= Beginning of Section =
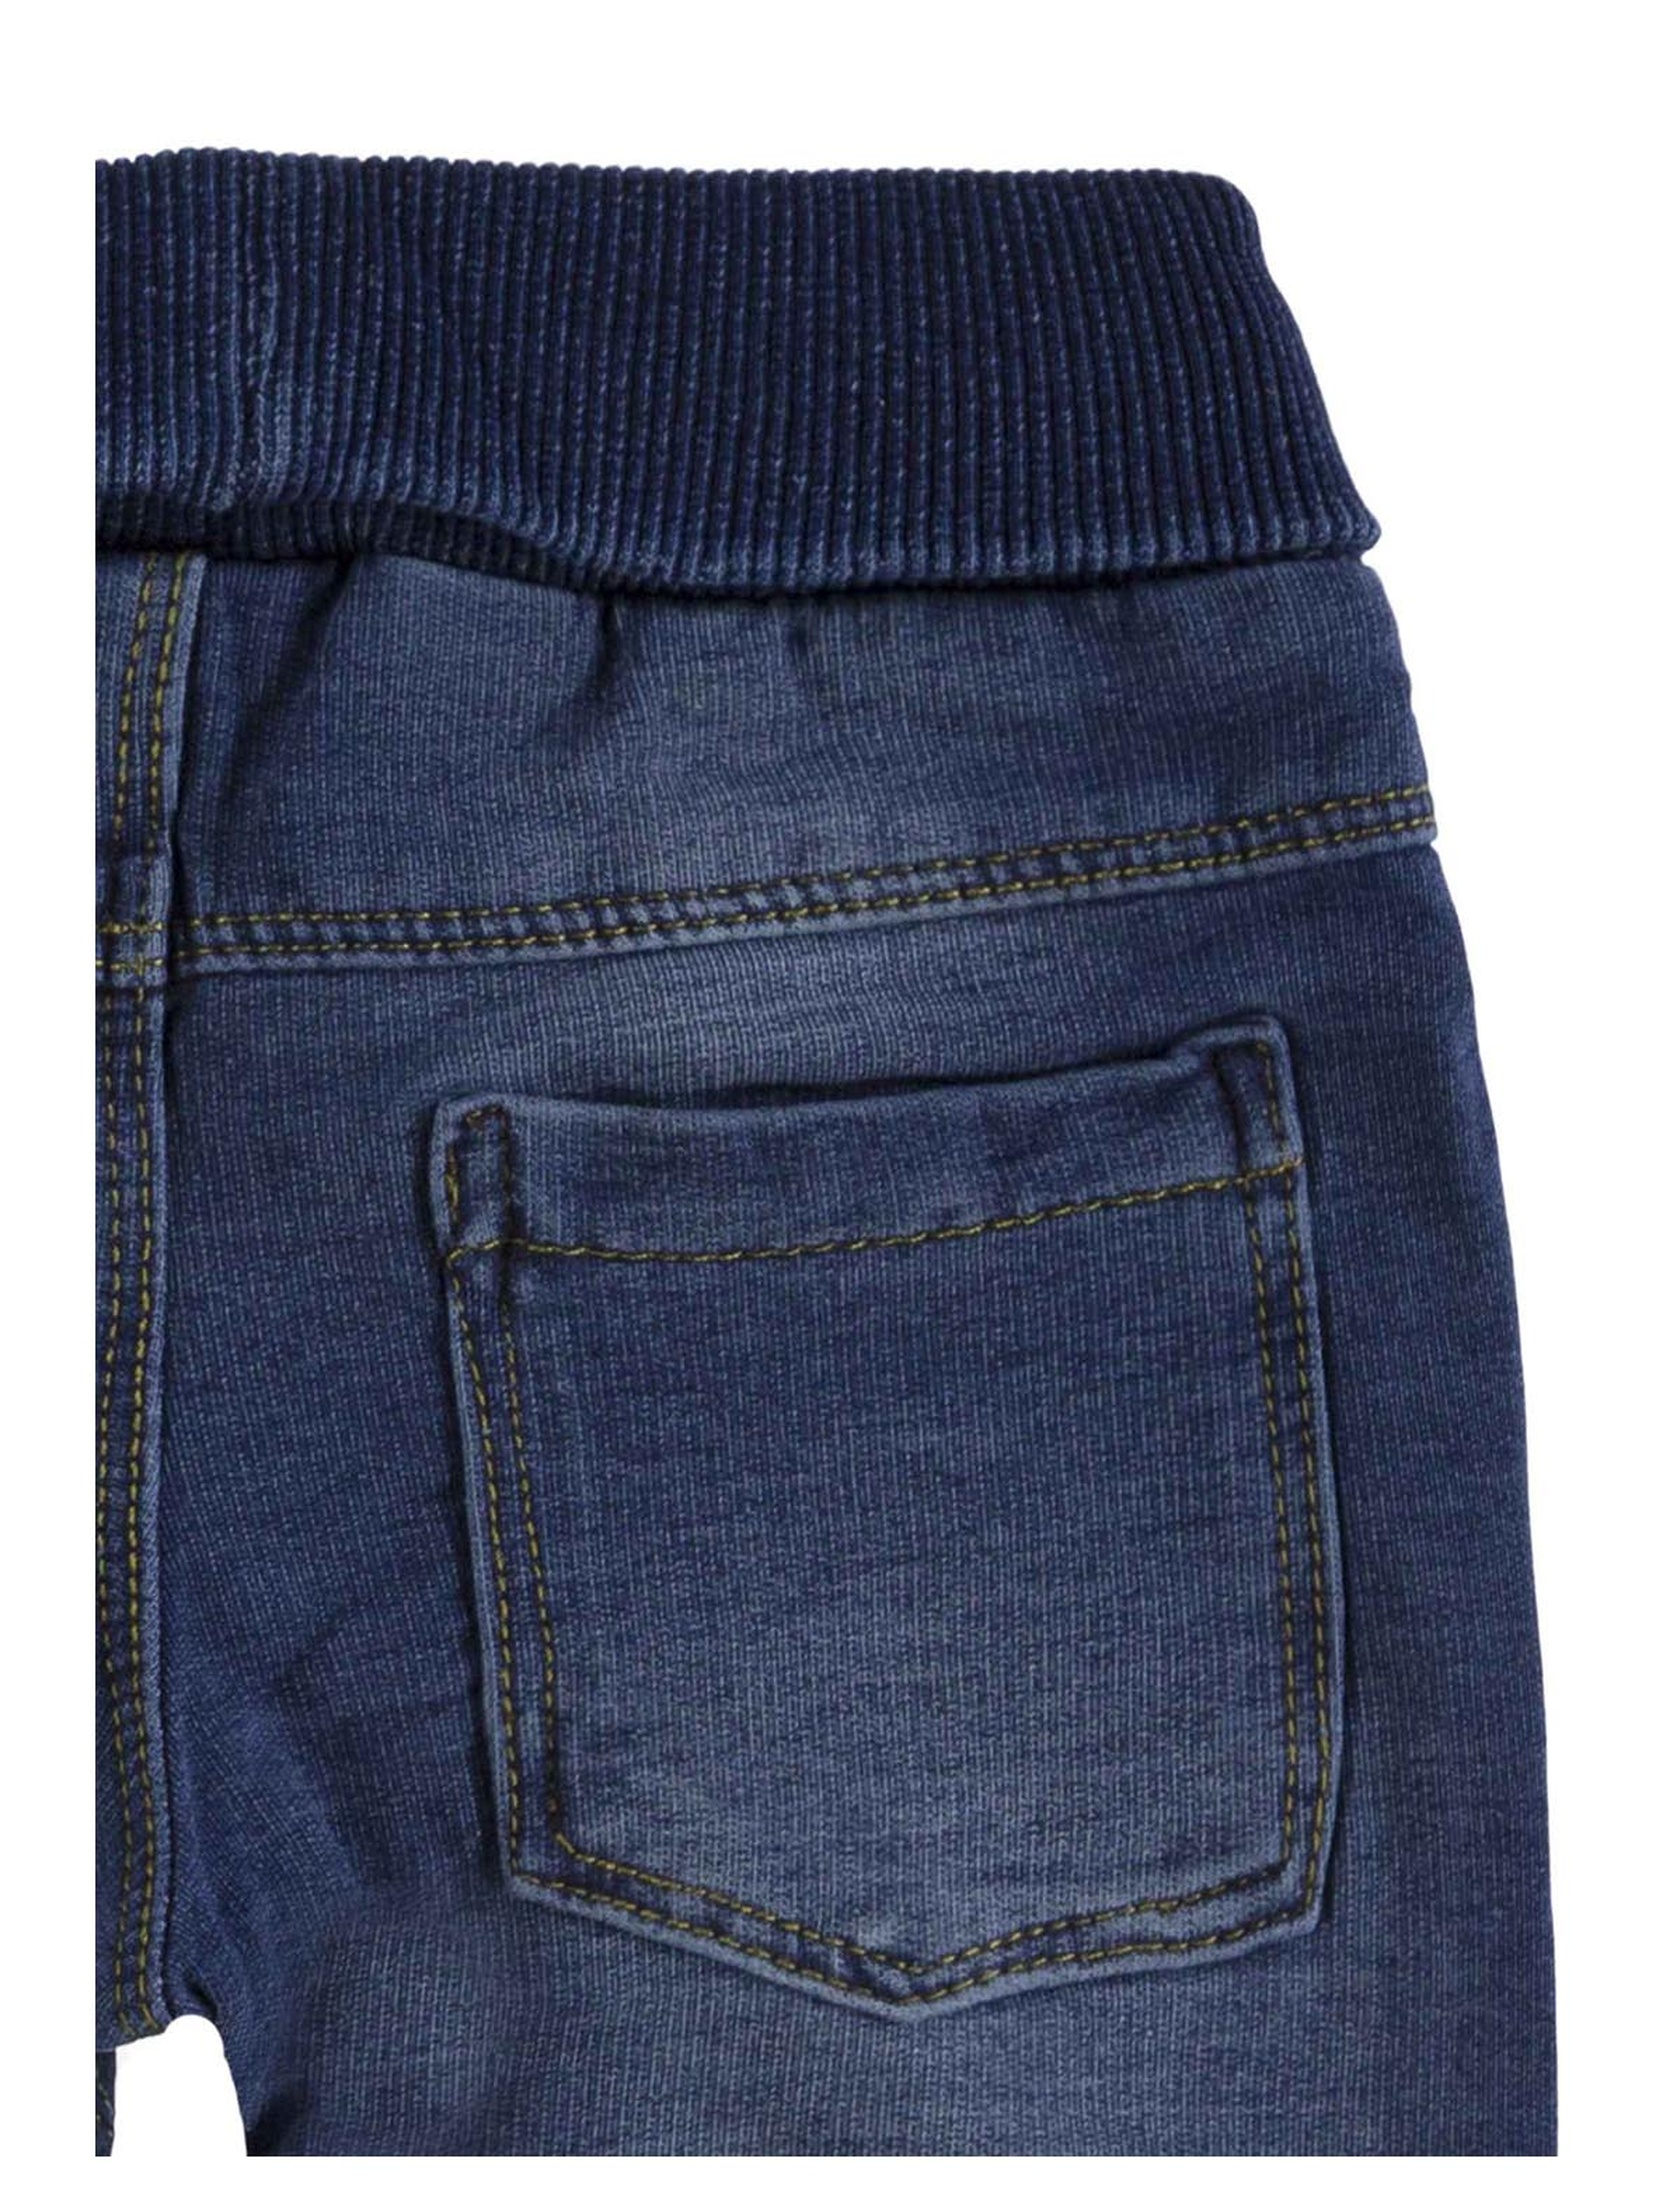 Spodnie jeansowe niemowlęce, niebieskie, bellybutton
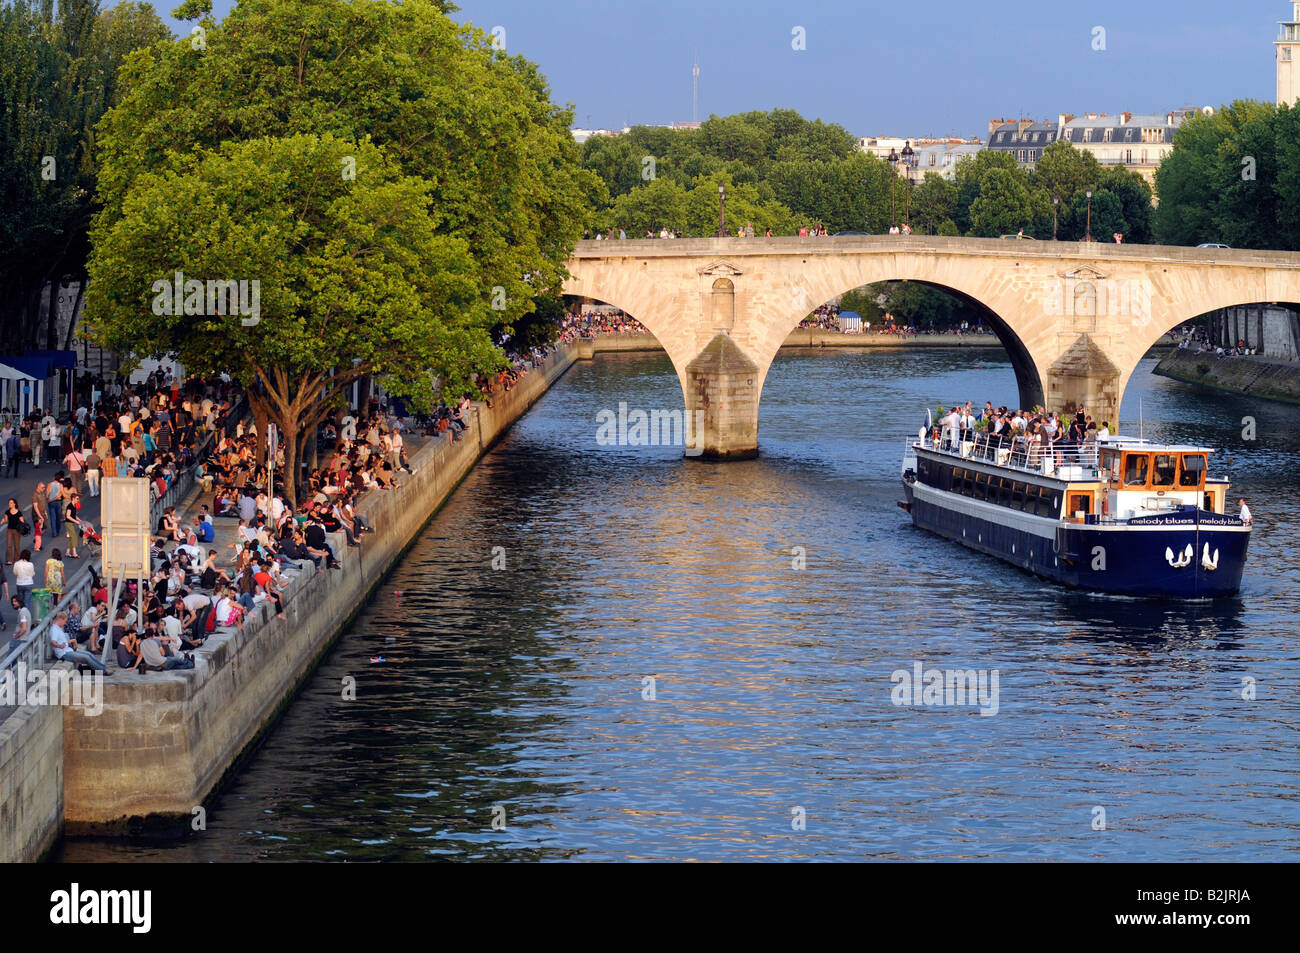 Eine Fliege Boot unter einer Brücke im Zentrum von Paris, während Massen ein Sommerkonzert am Quai der Seine teilnehmen; Frankreich. Stockfoto
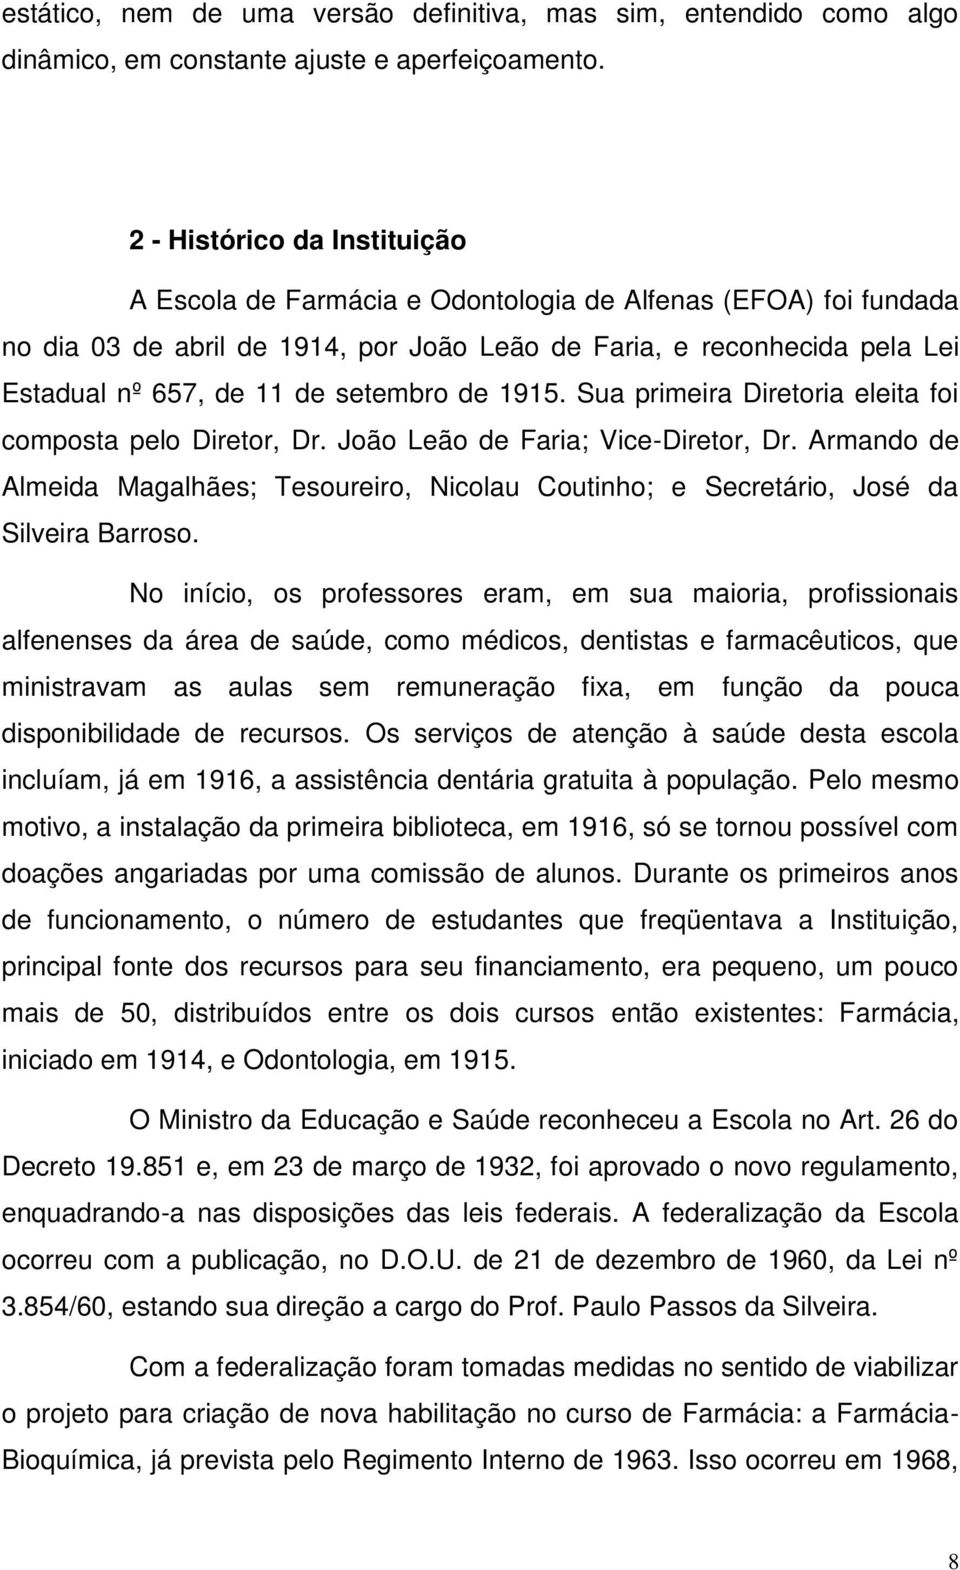 setembro de 1915. Sua primeira Diretoria eleita foi composta pelo Diretor, Dr. João Leão de Faria; Vice-Diretor, Dr.
= End of Section =
Return the listing above word for word, with the pictures removed.

ANSWER BELOW:
 Spodnie jeansowe niemowlęce, niebieskie, bellybutton
 Eine Fliege Boot unter einer Brücke im Zentrum von Paris, während Massen ein Sommerkonzert am Quai der Seine teilnehmen; Frankreich. Stockfoto
 setembro de 1915. Sua primeira Diretoria eleita foi composta pelo Diretor, Dr. João Leão de Faria; Vice-Diretor, Dr.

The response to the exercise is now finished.